Hasil investigasi tim media ini di lapangan, Minggu (14/12), menemukan tong-tong pengolahan emas dalam kondisi aktif. Di sekitar lokasi, sedikitnya enam orang terlihat sedang mengolah material yang diduga mengandung emas. Aktivitas berlangsung secara terbuka, seolah tak terpengaruh oleh ultimatum maupun ancaman sanksi hukum yang telah disampaikan aparat.
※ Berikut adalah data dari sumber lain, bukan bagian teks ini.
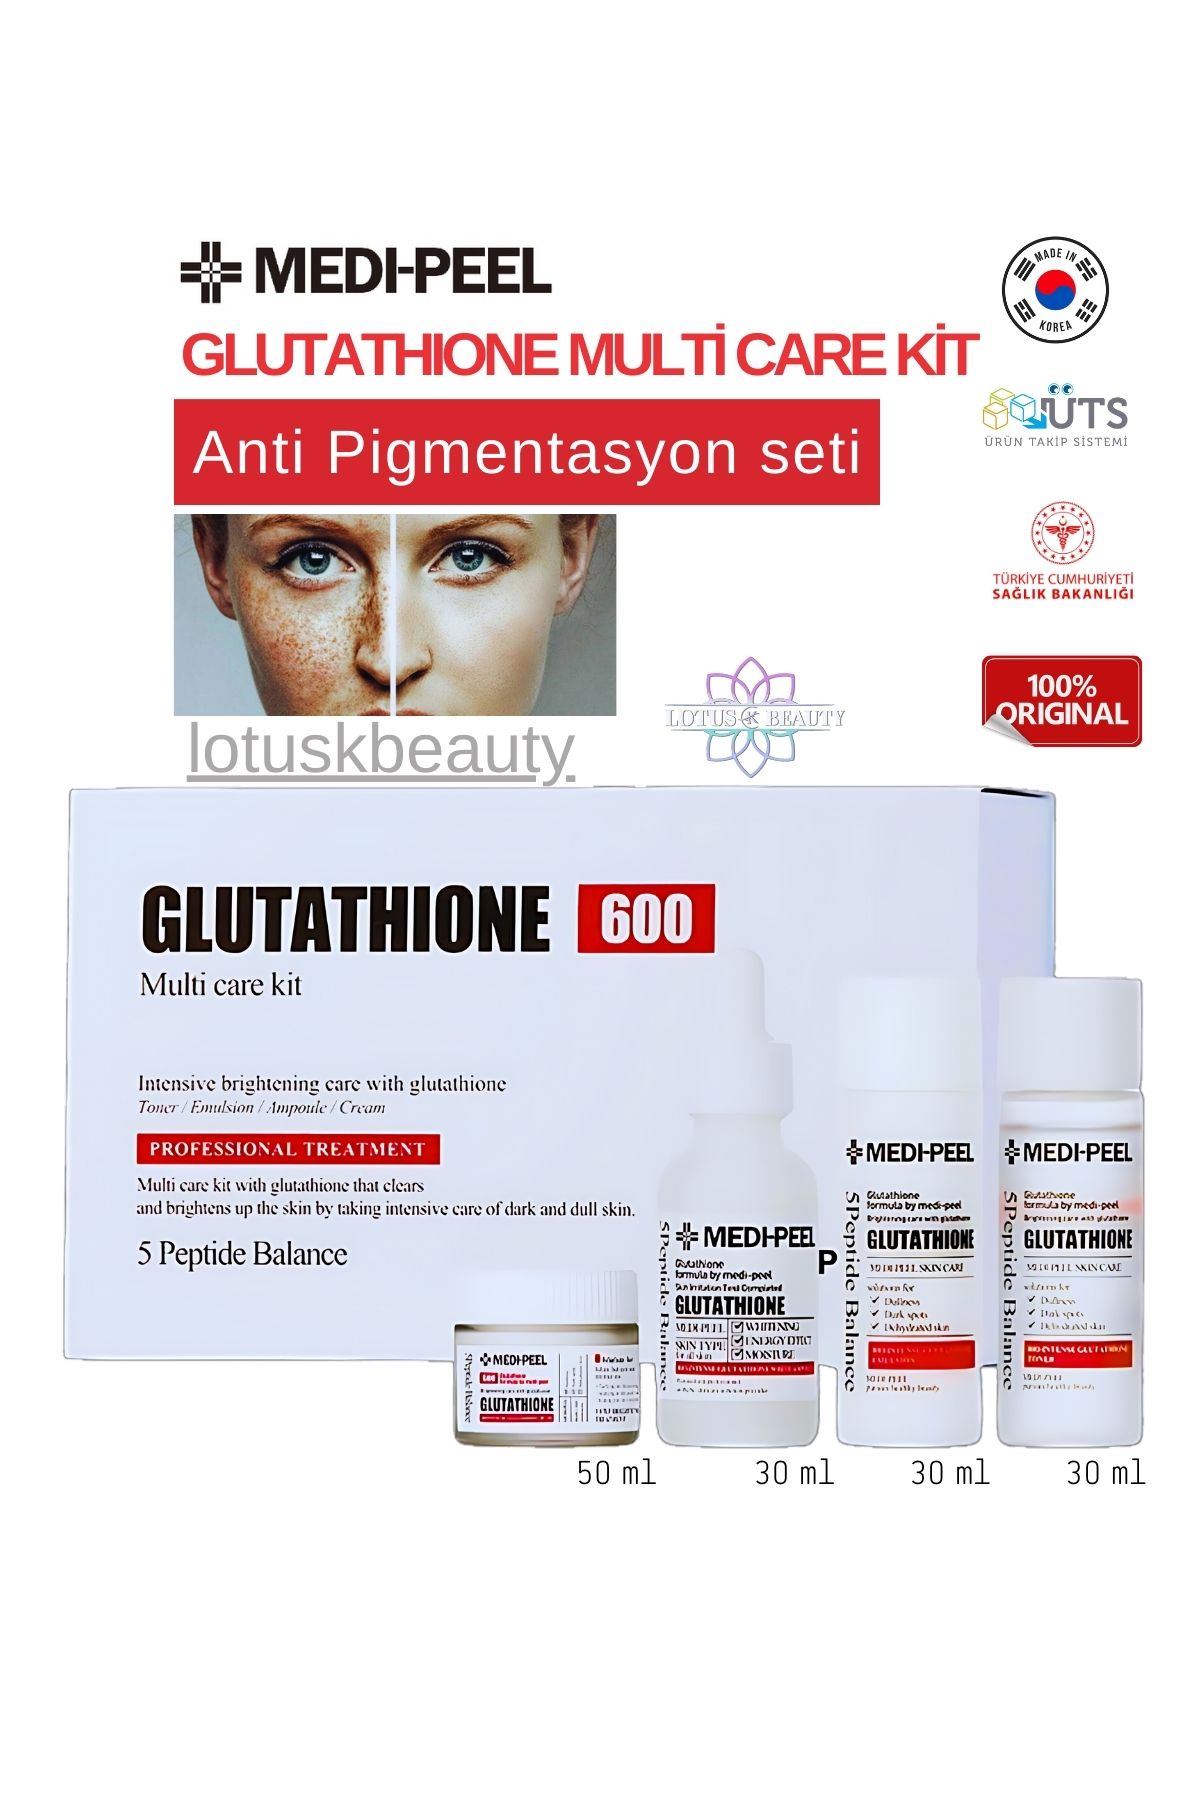 Medipeel Medi-peel Glutathione 30ml X 3 Adet, 50g X 1 - Hepsi Bir Arada Bakım Kiti.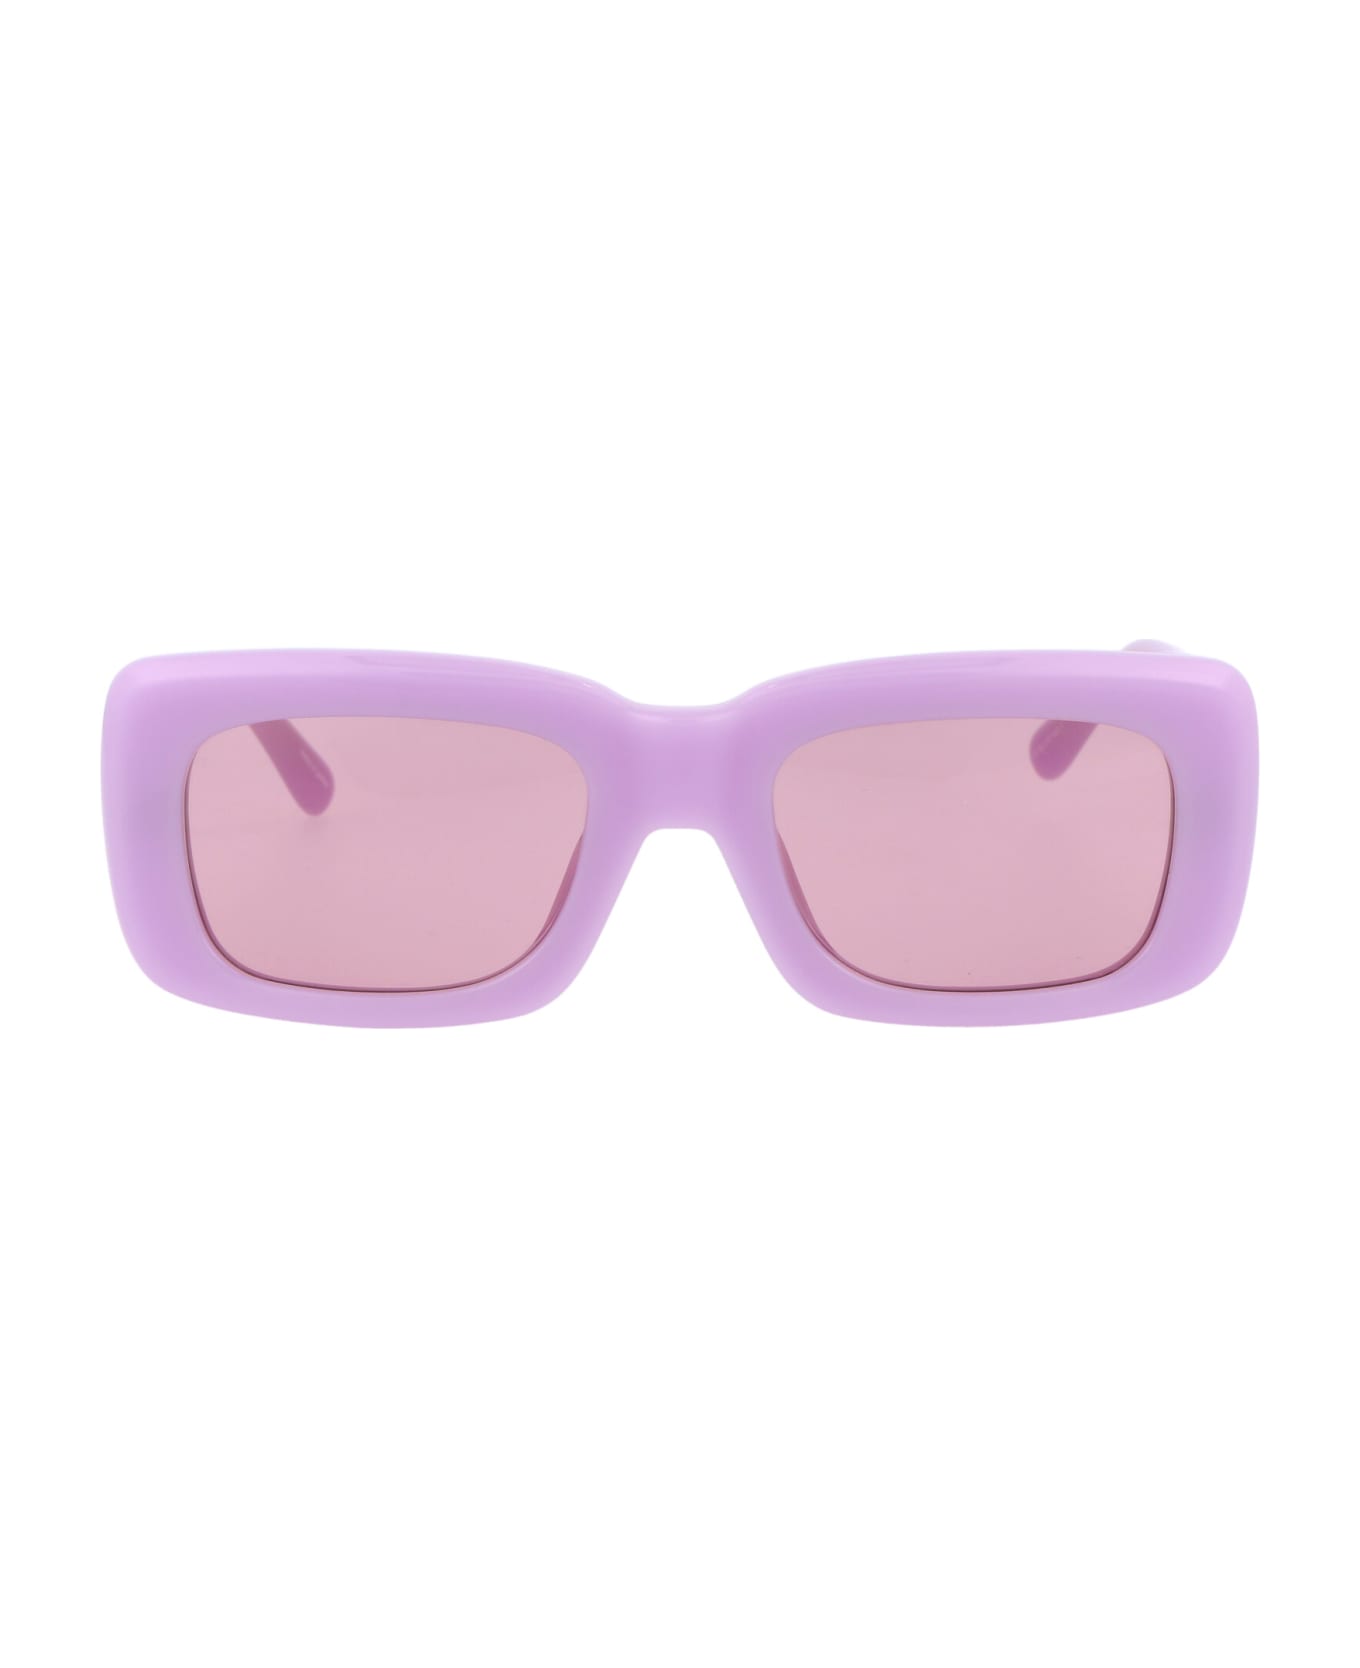 The Attico Marfa Sunglasses - PINK/YELLOWGOLD/PINK

Padahal, Ketua Satgas Penertiban Pertambangan wilayah, Dr. Jalaludin Salampessy telah menegaskan bahwa setiap bentuk aktivitas pertambangan atau pengolahan emas di luar WPR merupakan pelanggaran hukum dan akan dikenakan sanksi pidana. Namun fakta di lapangan menunjukkan larangan tersebut belum sepenuhnya dijalankan.
Saat tim media ini mencoba mengonfirmasi pihak yang berada di lokasi, tidak diperoleh keterangan jelas mengenai siapa pemilik atau penanggung jawab tong pengolahan tersebut. Para pekerja di lapangan terkesan menghindari pertanyaan dan tidak bersedia memberikan informasi detail terkait legalitas aktivitas yang mereka lakukan.
Untuk memperkuat temuan, tim media ini juga mengantongi rekaman video yang memperlihatkan secara jelas proses pengolahan emas sedang berlangsung. Bukti visual tersebut menegaskan bahwa kegiatan ilegal ini masih aktif, meskipun larangan resmi telah diberlakukan.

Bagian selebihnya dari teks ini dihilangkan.